Gold to continue its bullish show
Gold would continue to enjoy the status of a safe haven during the current economic turmoil, analysts said. The view, however, comes with a rider. Intermittent flow of good news and rumours typical to the gold markets will ensure that the gold prices that have recently adopted a less aggressive course find support at $930 an ounce or $880 an ounce levels.
Yesterday, the Gold futures contract meant for expiry in June at Dubai Gold and Commodities Exchange (DGCX) traded at $941.76 an ounce.
Gold recorded an intra day high of $945 an ounce and a low of $ 940 an ounce. On the Commodities Exchange in New York, gold yesterday recorded a spot price of $943.50 an ounce. Gold for delivery in April stood beyond $944.10 an ounce.
The prices made a high last week of $955.60 (contracts for delivery in June) an ounce. The prices began declining since the last week, triggering fears that they will find support at $930 an ounce or at even lower prices.
Following are the factors driving the correction in the gold markets. One, the IMF wants to dispose about 140 metric tonnes of gold in the markets to raise some cash it desperately needs. Secondly, the central banks are waiting to sell their annual quota of gold and the deadline of a mutual agreement under which they are allocated their sale quotas is approaching closer. And third, the one that has had the most immediate impact, there is news that Japan has just given a huge aid to Sri Lanka and the amount has been paid in gold.

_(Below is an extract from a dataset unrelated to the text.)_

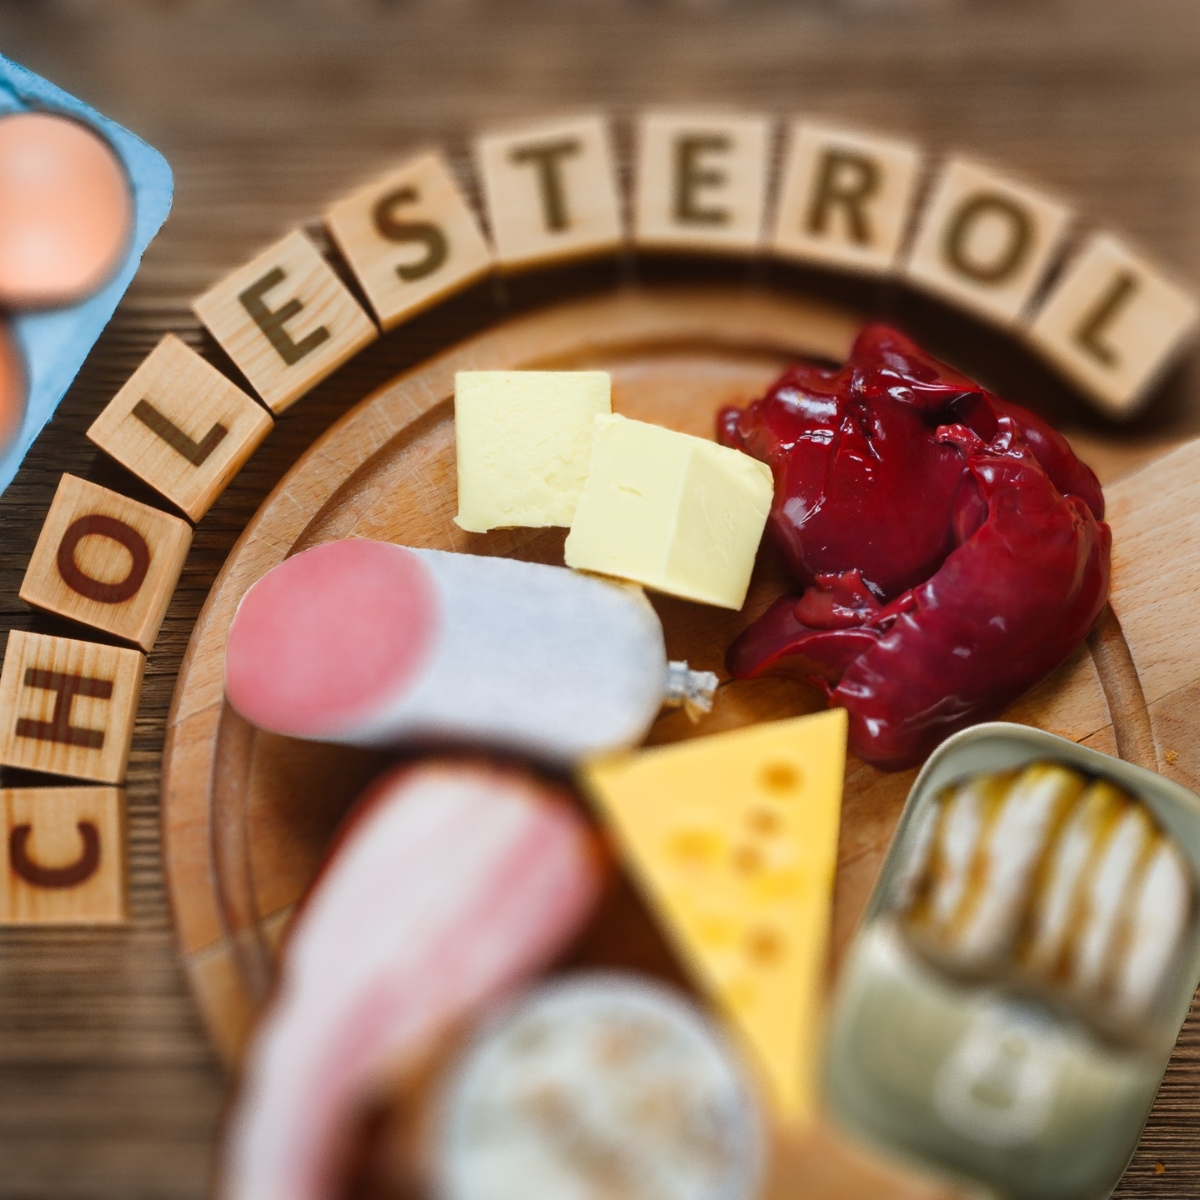 Тарелка с продуктами с высоким содержанием холестерина, рядом с которой написано слово

"There is a selling pressure from IMF. There is news that IMF may sell gold at any point of time," said Sajith Kumar PK, Vice-President, JRG Metals and Commodities, UAE.
Gold prices slipped on Friday after the news that the United States was working on a programme to subsidise mortgages for investors before they fall into loan arrears. Analysts say that if the gold prices decline by $15 it can assumed that it has taken a bearish trend. "As of now, it still maintains a bullish trend," said Anoop P S, General Manager, UAE operations, JRG capital.
There is not significant difference between spot and future gold prices and the difference, which if it exists, comes in due to the dollar prices.
"The basic difference the spot prices and future prices is the dollar spending. The borrowing cost of the dollar reflects in the future price. On other commodities like crude oil, you have factors like storage costs that add up to future costs. Gold prices, therefore, look balanced," said Ole S Hansen, a senior commodities analyst with Denmark-based Saxo Bank.
Hansen said gold's importance has enhanced during the current crisis. "It will be right argument to make that gold has developed an inverse relationship with the economy. When the economy improves, there are a lot of other investment opportunities that will emerge. Whereas gold will be safe haven for investors if the crisis continues to deepen," he said.
Gold is being used to hedge against future inflation, worries about massive budget deficits and that low short-term interest rates makes it cheaper to hold than previously, Hansen said.
Merrill Lynch CIO Gary Dugan recently told journalists in Dubai that he fears the gold prices would rise as high as $1,500 an ounce in 15 months time. Dugan said such a phenomenon would mean that the economy has worsened and that the investors have lost the confidence to invest in other commodities. "More and more people are buying gold," he said.
Gold market watchers are keeping a close eye on the date September 26, 2009. That is when the current European Central Bank Gold Agreement (CBGA) expires.
According to IMF, the official gold reserves (including those of IMF and BIS) amounted to around 35,580 tonnes at the end of 1990. By mid-2008, this had reduced to around 29,780 tonnes, a 16 per cent fall. The vast majority of the 5,800 tonnes reduction was due to sales by European central banks, notably signatories to the two central bank gold agreements (CBGA 1 and CBGA 2) whose reported holdings reduced by over 5,500 tonnes.
The reason, said Sajith, was that European Central Banks own gold as a reserve asset. Indeed, the signatories of the first Central Banks Gold Agreement (CBGA) controlled 43.6 per cent of the world's official gold reserves, according to the World Gold Council. The second CBGA was then signed in 2004 and limited sales to a maximum of 500 tonnes per year over five years (2,500 tonnes over the length of the agreement). And with the expansion of the European Union since then, CBGA signatories now control 46.1 per cent of world-government gold reserves.
The CBGA was signed earlier to control the flow of gold into the markets and in all likelihood will be extended beyond the September 26 deadline, Sajith said.
There is a likelihood that the central banks will sell lesser amount of gold this year. "The other assets are simply not reliable. Gold is now accessible to retail investors in a way it wasn't in 1999. ETFs now own over 1,000 tonnes of gold. Gold ownership among private investors has also enhanced due to initiatives like GoldMoney. There are buyers looking for gold and wanting to shed other investments. So, it is not mere speculation that central banks will hold their gold this year," an analyst said. "As competition emerges among nations to devaluate their currency, we think gold will become much more desirable as a reserve asset worth owning, not selling for cash," he added.